DREAM SCENARIO, sognare (ed essere sognati) di diventare il nuovo Ari Aster

Eccoci alla prova del nove per Borgli, dopo lo sballo di Sick of myself – ancora vivo nella memoria.

Il marchio A24 subito indirizza la barra e infatti il film, saltando un secondino alle conclusioni, ci appare molto AriAsteresque (il regista è tra i produttori), nell’uso del suono, dell’attore protagonista, di questo nuovo modello di perturbante dal sapore horror che vuole essere anche psicologico, contemporaneo e disturbante. Ma il film è del Borgli sorprendente di Sick, per l’appunto, quindi sa andare altrove, pur non presentando quel registro alieno da tutto così vivo e conosciuto da noi uomini degli anni 20 del Duemila che in Sick of myself dominava e caratterizzava senza mezzi termini la visione.

La veste di Dream Scenario è da film indipendente americano (quale è), per ambientazione, lingua, messa in scena. Poi i temi cari al nostro da subito, nel ritmo travolgente che sa offrire (anche montatore, e sceneggiatore unico qui): la viralità come mania e ultima spiaggia per essere visibili o (qui) raggiungere il successo, la disfunzionalità dei rapporti umani, l’attesa dell’evento come cataclisma sociale (!!!). Sappiamo dello spunto dietro all’idea dell’essere sognati, vicenda realmente accaduta nel 2013 e inventata per inondare il web. Uno spunto quindi circoscritto (non esisteva il personaggio sognato da molti, una grande fake news), che nella prima parte, e forse anche fino ai sogni violenti che rappresentano il turning point principale, si direbbe sviluppato in modo vincente. Quando avviene la seconda sorpresa del film, il Nitrio e l’invenzione di Paul, allora la coerenza complessiva pare venir meno, fa sorridere e si capisce quanto sia una strada necessaria a raggiungere il finale, ma a naso convince poco e volge in modo insoddisfacente la cifra del Borgli.

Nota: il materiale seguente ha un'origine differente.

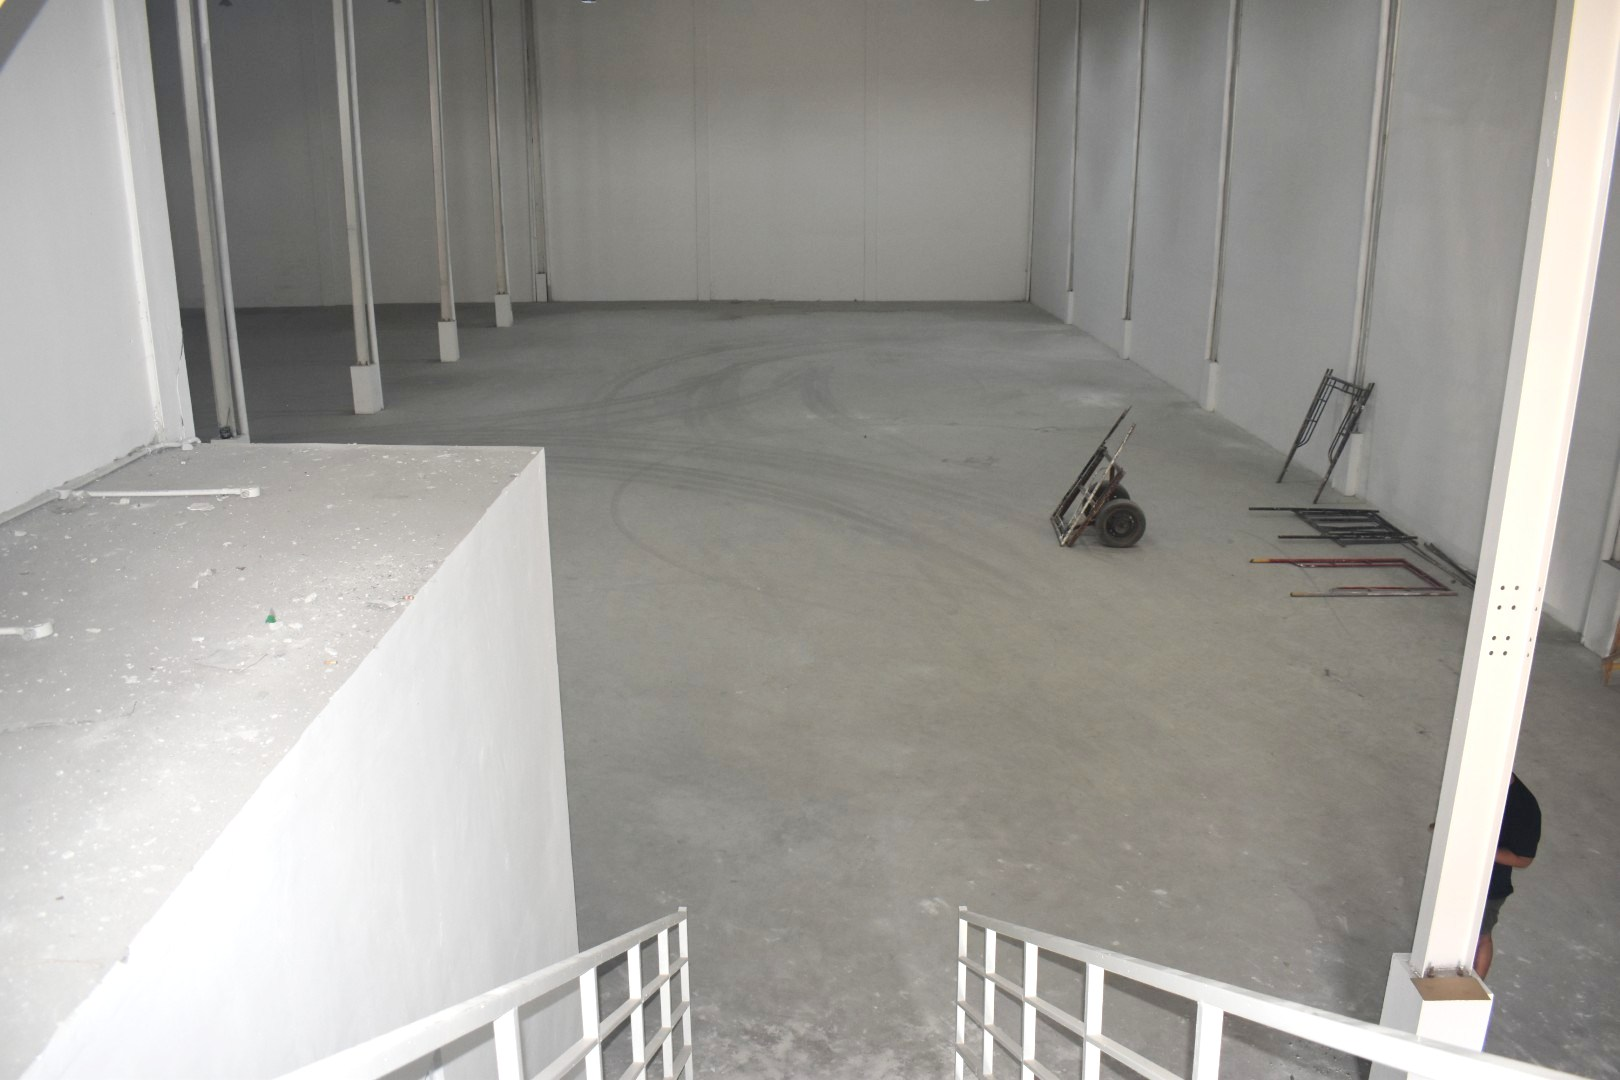 Sewa Gudang Baru Loading Dock Kawasan Industri Delta Silicon Cikarang - 8

Mi spiego meglio. Dove può andare a parare il film, cosa sta dicendo e vorrebbe dire? Proviamo un rapido riepilogo. Paul è passato dall’altra parte del “sogno”, dopo l’ebbrezza della celebrità dell’essere sognato, ed ora tutti sono turbati, specie i suoi studenti, dal sognarlo violento e violentatore. Non ha colpe ma la sua immagine è compromessa: perde il lavoro, la famiglia, gli amici. Solo la Francia, terra lontana dove racimolare qualche briciola di celebrità, lo accoglie e lo pubblica, anche se cambia titolo al libro e lo confina in un altro basement “invisibile” a firmare copie. Nero, terza rottura. Siamo dalle parti del Cronenberg di ExistenZ ora, e di Shyamalan forse (penso a The village e al suo clamoroso finale). Il Nitrio è uno strumento che ti consente di entrare nei sogni altrui e mettere in pratica, in modo controllato e positivo, il mistero della storia di Paul. Anche lui decide di usarlo, per recuperare la moglie ed essere agente, non più passivo, per riconquistarla in quella dimensione onirica che fino a quel momento è stata la sua condanna.

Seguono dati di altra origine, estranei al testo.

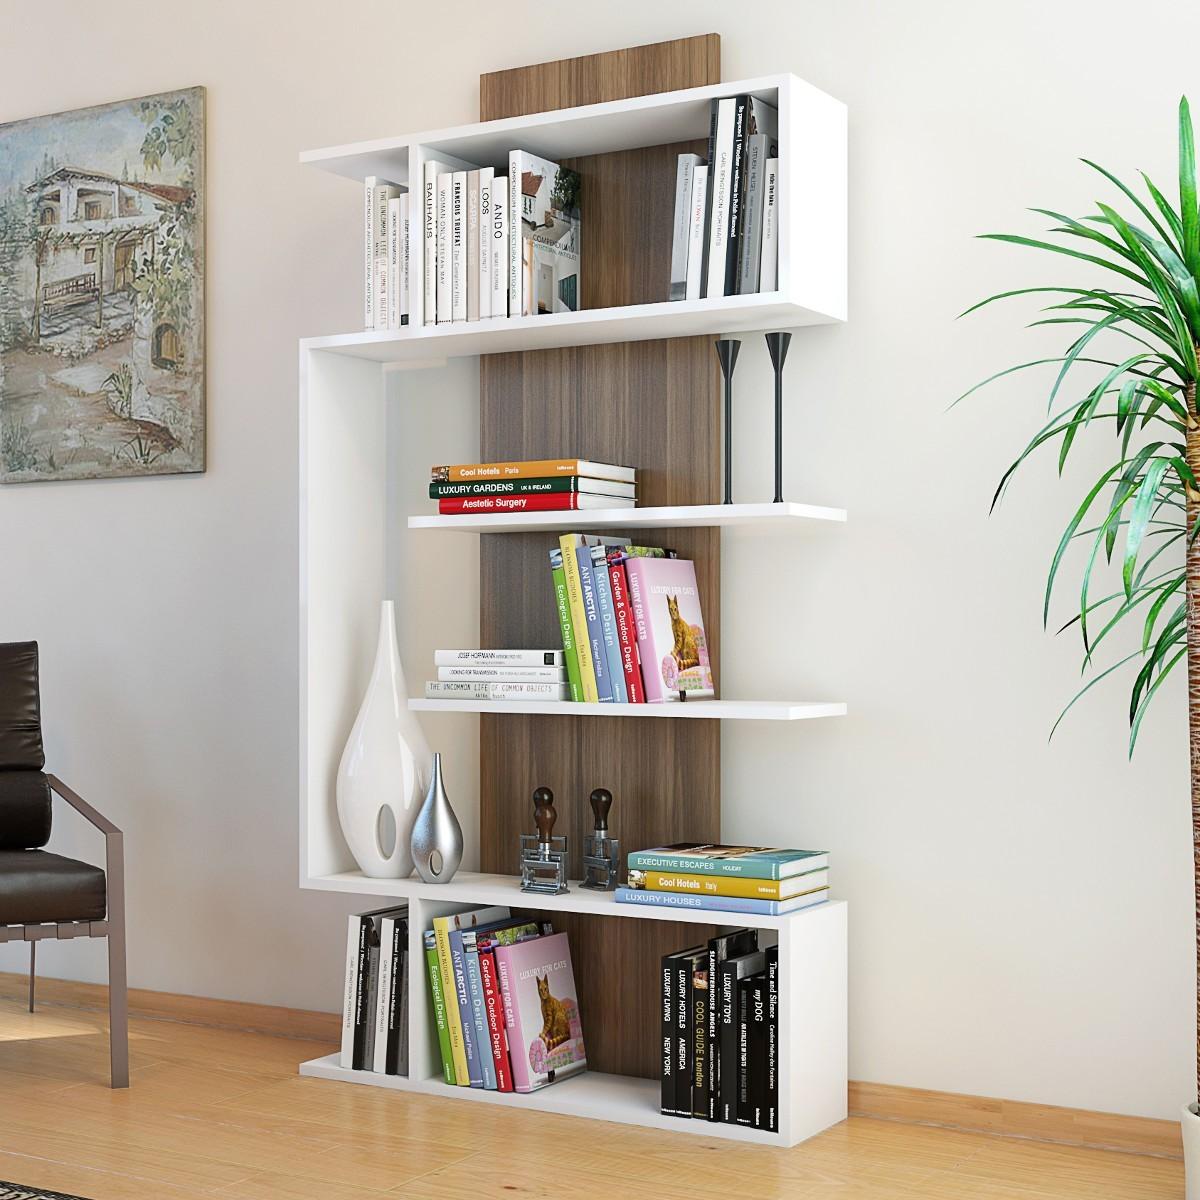 Beryl libreria da soggiorno moderna Bianco Noce 90 x 170 cm

Interessante, ora che lo riepilogo così, il rovesciamento attuato da Borgli, e significativo. Ma perché non convince? Perché vuole tenere tutti i pezzi insieme, perché non lascia andare il cotè familiare debole e poco interessante, perché non riesce a restare fedele al suo assunto. Ecco che torna allora il limite di uno spunto che per quanto tu sia brillante e pieno di idee, alla tua prima prova americana con un grandissimo attore a disposizione, è davvero difficile riuscire a trasformare in qualcosa di pienamente convincente in tutta la sua durata.

Finale a suo modo disturbante ma in modo critico, cinefilo, al di là della ricerca del regista – disturba cioè che il film si arrenda al bisogno di chiusura come anche di speranza, che non riesca a dare un’ultima stoccata.